Time-averaged copper concentrations from continuous exposures predicts pulsed exposure toxicity to the marine diatom, Phaeodactylum tricornutum: Importance of uptake and elimination

• Exposures with equivalent time-averaged concentrations had similar toxicity.
• Results show WQGs based on continuous exposures conservative in predicting toxicity.
• Rapid increase in toxicity as intracellular copper increased.
• Rapid loss of extracellular copper upon resuspension in clean seawater.
• Slow dilution of intracellular copper upon resuspension in clean seawater.

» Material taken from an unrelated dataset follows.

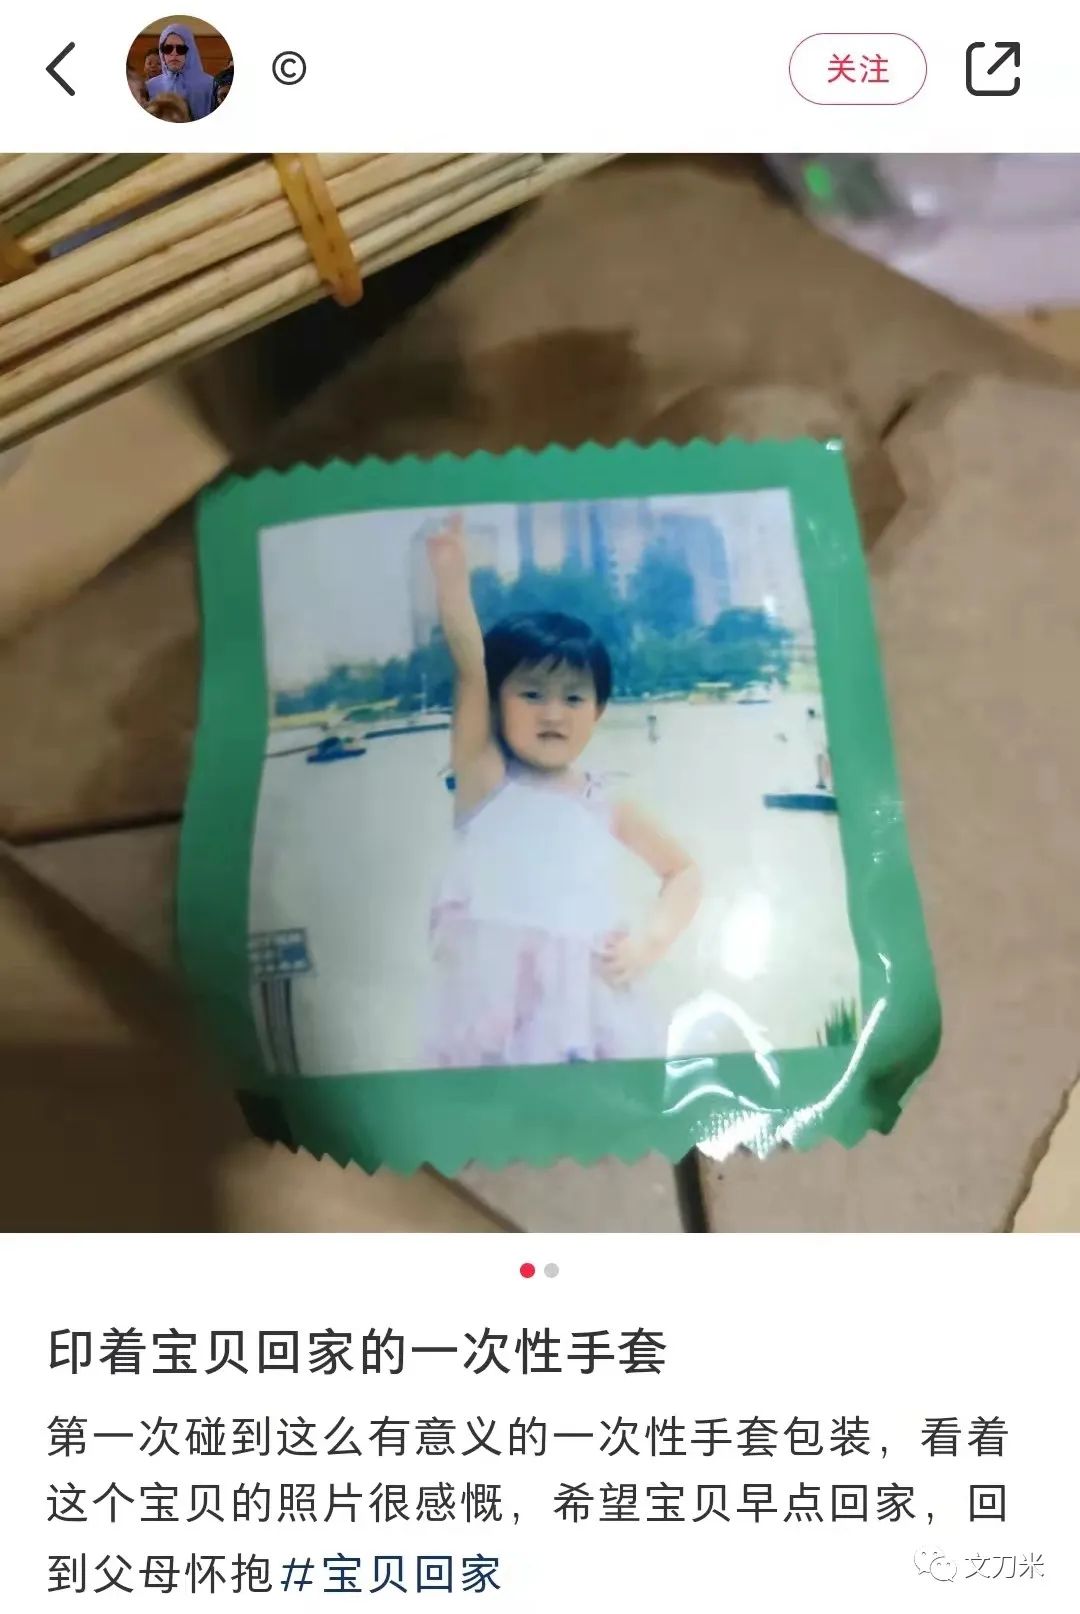 2014年海南 印刷 包装 行业前景_广州印刷包装盒_青岛 包装 印刷

Intermittent, fluctuating and pulsed contaminant discharges result in organisms receiving highly variable contaminant exposures. Current water quality guidelines are predominantly derived using data from continuous exposure toxicity tests, and most frequently applied by regulators with the assumption that concentrations from a single sampling event will provide a meaningful approach to assessing potential effects. This study investigated the effect of single and multiple (daily) dissolved copper pulses on the marine diatom, Phaeodactylum tricornutum, including measurements of copper uptake and elimination to investigate the toxic mechanism. Copper pulses of between 0.5 and 24 h and continuous exposures with equivalent 72-h time-averaged concentrations (TACs) resulted in similar biomass inhibition of P. tricornutum, with continuous exposures often being marginally more toxic. Rates of cell division generally recovered to control levels within 24 h of the copper pulse removal. Upon resuspension in clean seawater, the extracellular copper per cell decreased rapidly, whereas the intracellular copper per cell decreased slowly. Negligible loss of copper from the total algal biomass indicated that P. tricornutum did not have an effective mechanism for eliminating copper from cells, rather the intracellular copper decreased as a result of dilution by cellular division as the algal growth rate recovered. The measurement of copper uptake after 72-h exposure and kinetics of elimination thereafter suggest that continuous exposures are marginally more toxic to P. tricornutum than pulsed copper exposures with equivalent TACs because slow internalization and saturation of algal membrane transport sites results in less copper uptake into pulse-exposed cells than continuously-exposed cells coupled with dilution of internalized copper via cellular division in the post-exposure period. In the case of P. tricornutum, the results indicate that water quality guidelines for copper based on continuous exposure will be conservative when applied to short-term discharges.